Polar bears can be seen anywhere on Sjuøyane. The polar bear distribution is strongly related to the distribution of sea ice. If there is drift ice around the islands it is more likely that there will be polar bears on the islands. Usually there are also a few polar bears remaining in the area over the summer. Reindeer and Arctic fox are also found on Sjuøyane.
As we cruise west across the Greenland Sea – the main outlet of the Arctic Ocean – we may encounter whales feeding in the productive waters of the north. Sightings of fin whales are common and blue whales have been seen in more recent years. As we begin to approach Greenland we will likely encounter the East Greenland pack ice, and if we are lucky we will see polar bears hunting for prey. The strong icy currents have isolated East Greenland from the Polar Basin, attracting large numbers of fish, seals and whales. Climatic conditions and the concentration of ice in the vicinity often create thick morning fog that vanishes with the onset of the midday sun. Our experts will inform and entertain us with fascinating discussions on plants, animals, ice, and early explorers like Nansen, Andree and Scoresby.
Conditions permitting, there may be a chance for kayakers to launch their sea kayaks and the rest of us to cruise in the sea ice with Zodiacs. Perhaps if we have had a good crossing, we may even have the opportunity to make our first landing on the Greenland coast, weather permitting. This stretch of coastline is ripe for exploration, with its many secrets locked in place by drift ice for up to eight months each year. Home to polar bear, snowy owl and musk ox, it’s the world’s largest national park, covering 972,000 square kilometres; most of which is inland ice and the rest a composite fjord landscape.

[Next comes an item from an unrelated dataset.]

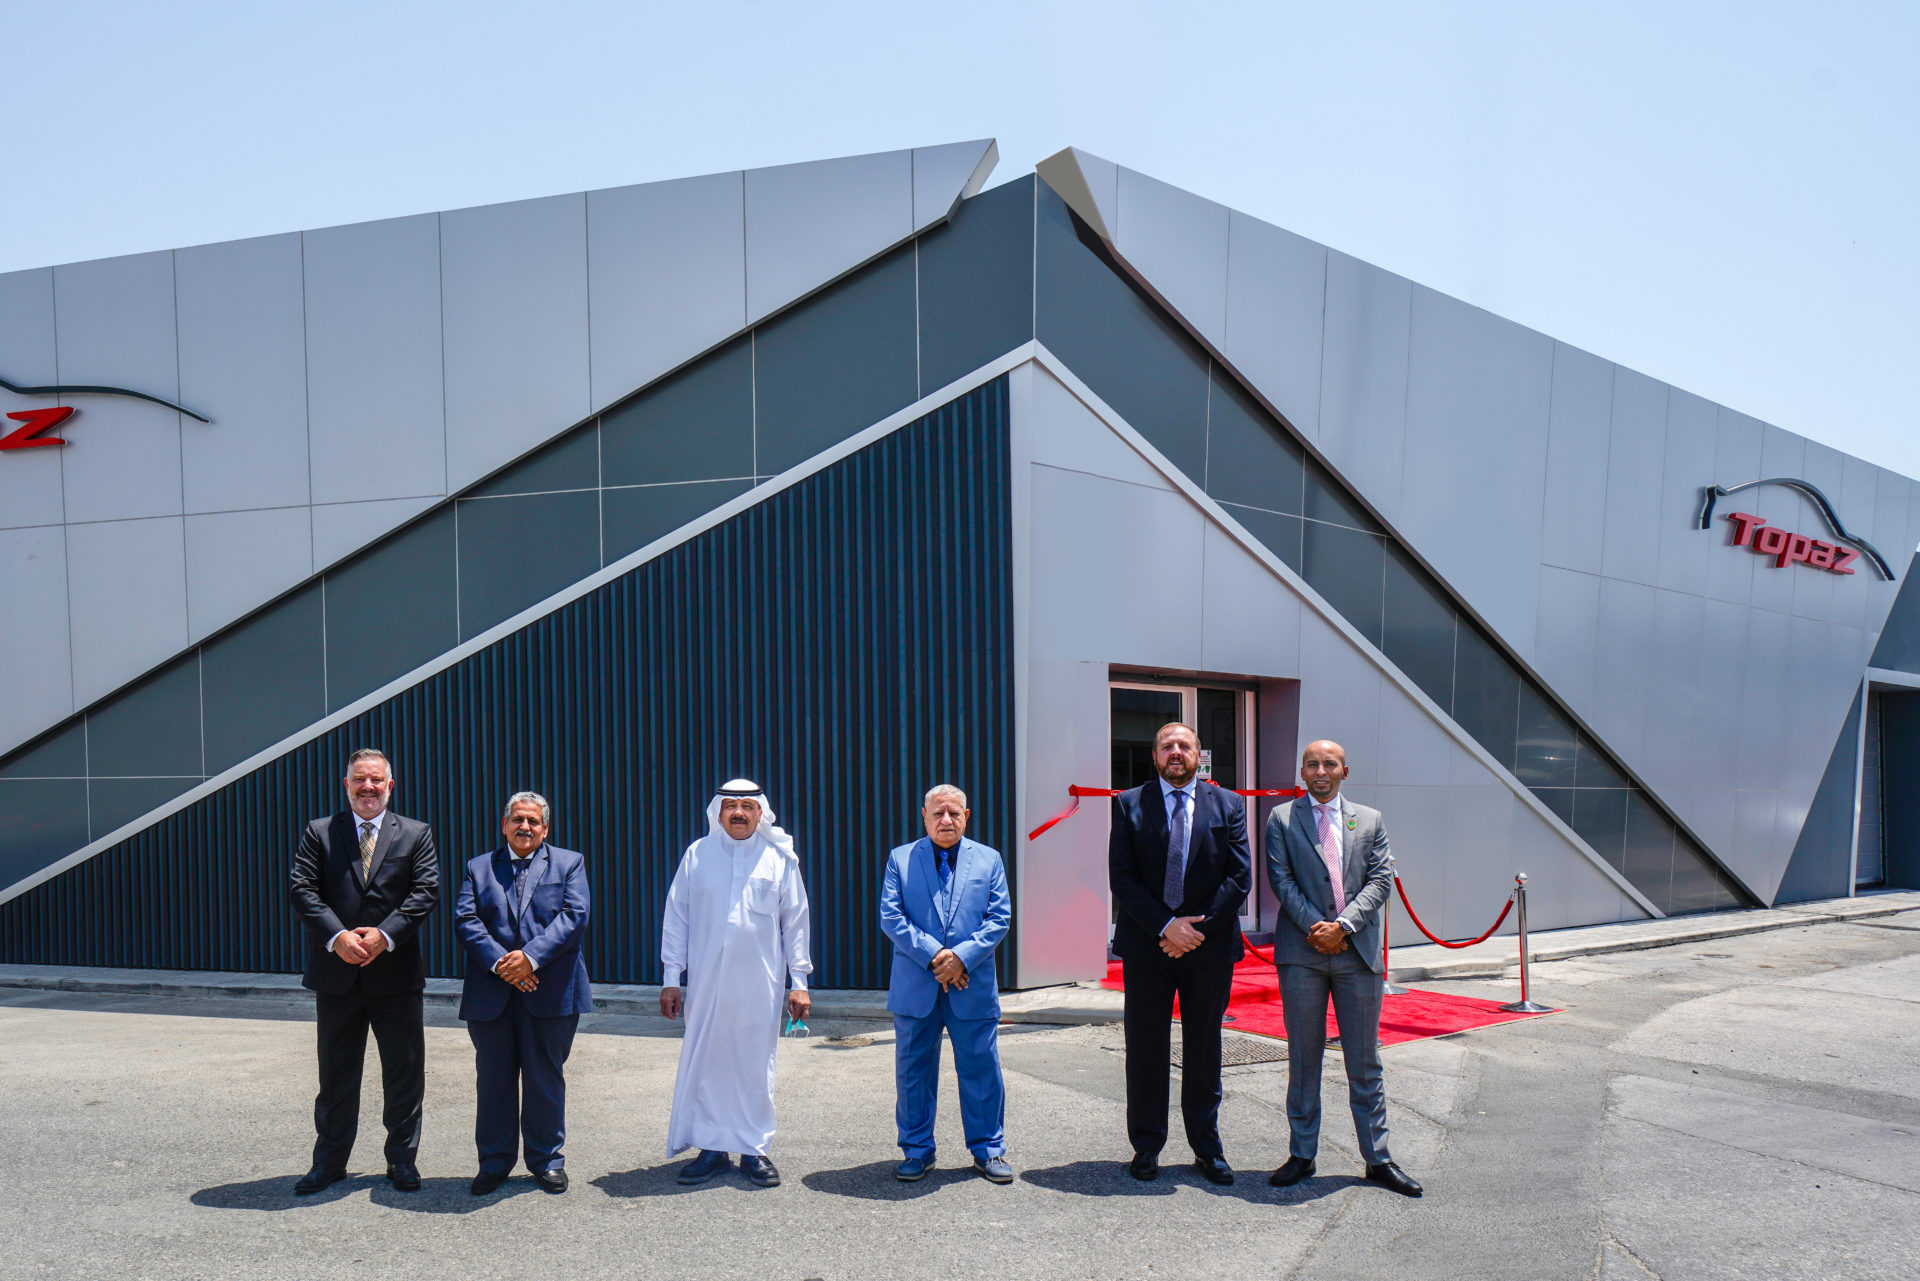 WORLD CLASS TOPAZ DETAILING OPENS ITS FIRST EVER OVERSEAS BRANCH IN THE KINGDOM OF BAHRAIN

We will attempt to enter Kaiser Franz Josef Fjord, a remote and rarely visited fjord system with countless opportunities for exploration within the Northeast Greenland National Park. Cruising through Kong Oskar Fjord we will marvel at the geological beauty of the mountains and land in a few places to explore the landscape and wildlife of Greenland. We will then head south along the coast of Liverpool Land, with our passage dependent on ice conditions. We aim to reach Scoresbysund, the world’s largest fjord and a favourite hunting ground of the local Inuit. Massive glaciers dump into this fjord, the birthplace of the famous big Greenland icebergs. We hope to visit the remote Inuit community of Ittoqqortoormiit (Scoresby Town) and to hike across the tundra in search of ancient graveyards and summer villages occupied 3,000 years ago by Paleo-Eskimos. This area provides excellent opportunities for sea kayaking in its maze of calm, interconnecting waterways. We will keep a sharp eye out for musk oxen, Arctic hare and seals, and maybe if we are very lucky even a polar bear or narwhal. Scoresbysund offers many opportunities for walking cruising and kayaking so we will spend our days exploring the land, the ice and the sea.
In the Denmark Strait, we sail towards Iceland. Keep a lookout for whale blows and the many seabirds that trail our ship in the ever present Arctic winds. Enjoy the time to reflect on your recent adventures, share and exchange photos, and soak in the fresh ocean air. As we near Iceland, you will find we are returning to the rest of the world as we encounter fishing vessels working the coastal waters.
During the early morning we arrive into the northern Icelandic town of Akureyri. Disembark and enjoy a scenic transfer to Reykjavik downtown or airport. Farewell your expedition team and fellow expeditioners as we all continue our onward journeys.
NOTE: Due to departure flight schedules out of Reykjavik, we recommend that passengers stay overnight in Reykjavik before continuing with your onward international travel arrangements.